Retail spending flatlined in October in yet further evidence consumers have banked any recent stimulus windfall instead of hitting the shops.  

Consumers spent a seasonally adjusted $27.57 billion in October, according to Australian Bureau of Statistics data released on Thursday, even after the Reserve Bank cut the interest rate to a record low 0.75 per cent at the start of that month.

Consensus predictions were for spending growth to pick to 0.3 per cent after an underwhelming 0.2 per cent rise in September.

Sales of clothing, footwear and personal accessory retailing fell 0.8 per cent, department stores dropped by the same amount, and the sale of household goods dropped by 0.2 per cent.

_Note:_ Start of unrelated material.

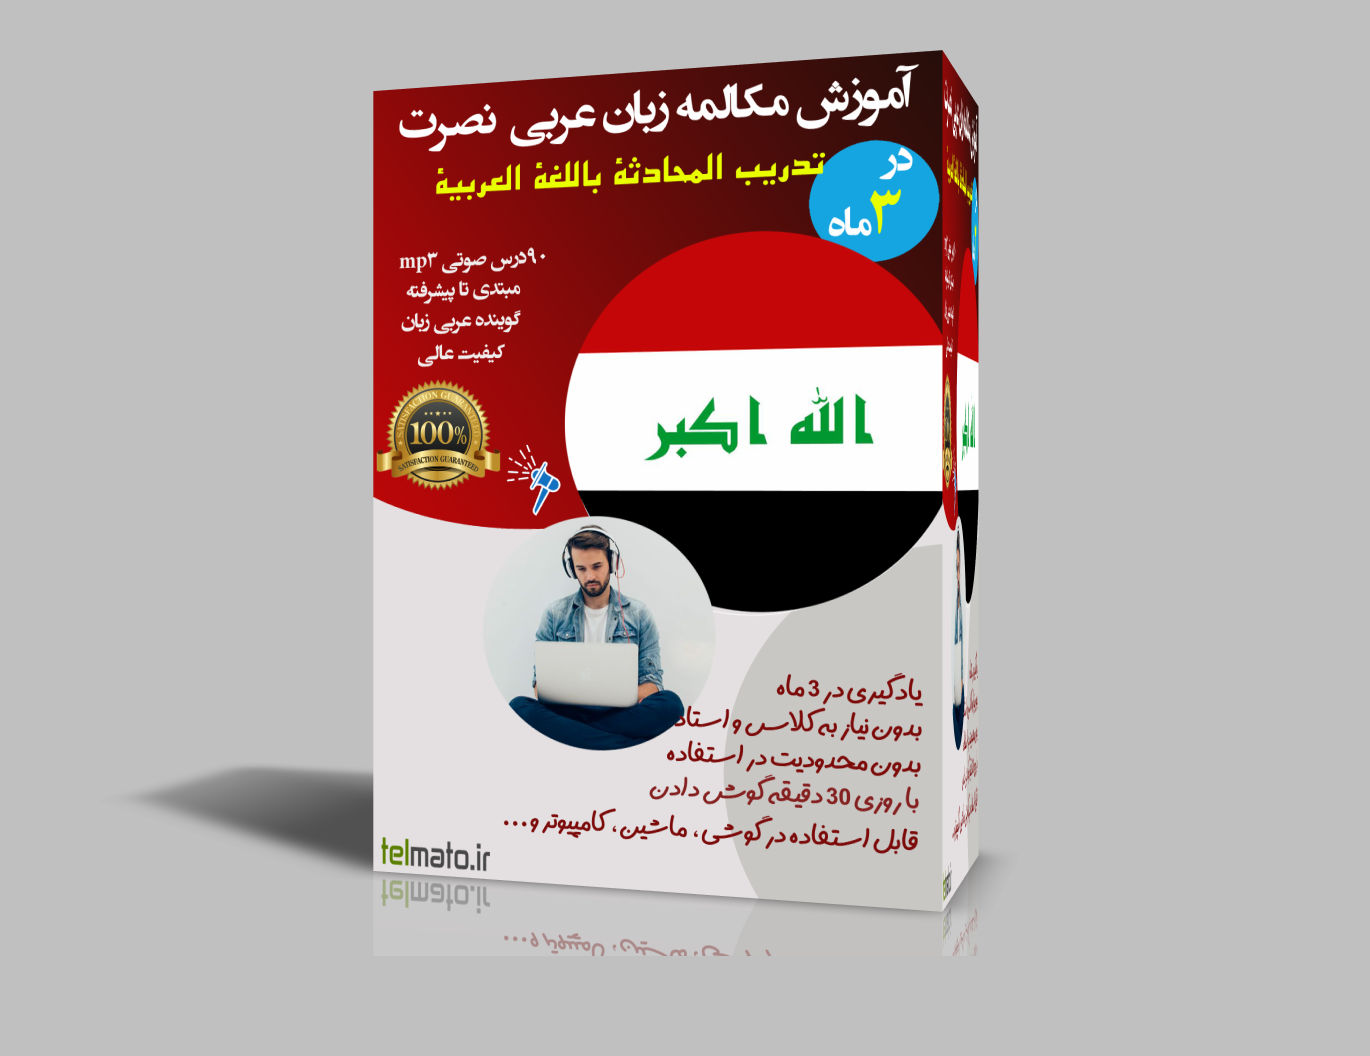 دانلود آموزش مکالمه زبان عربی به روش نصرت در 3 ماه با فایل صوتی MP3 | یادگیری از پایه تا پیشرفته

This was offset by a 0.4 per cent rise in cafes, restaurants and takeaway food services and a 0.1 per cent gain for food retailing. 

The Australian dollar plunged from 68.52 US cents to as low as 68.34 US cents immediately after the release of the data. 

Thursday’s figures follow September quarter GDP figures that showed what one economist called “chronic weakness” in household spending despite three rate cuts and federal government tax offsets. 

The stagnant result was driven by sales declines in major economies of Victoria, down 0.4 per cent, and NSW, down 0.2 per cent; while retail in SA fell 0.5 per cent for the month. 

Sales in Queensland rose 0.4 per cent, Tasmania 1.4 per cent, the NT 2.3 per cent, WA 0.2 per cent, and the ACT 0.3 per cent in seasonally adjusted terms.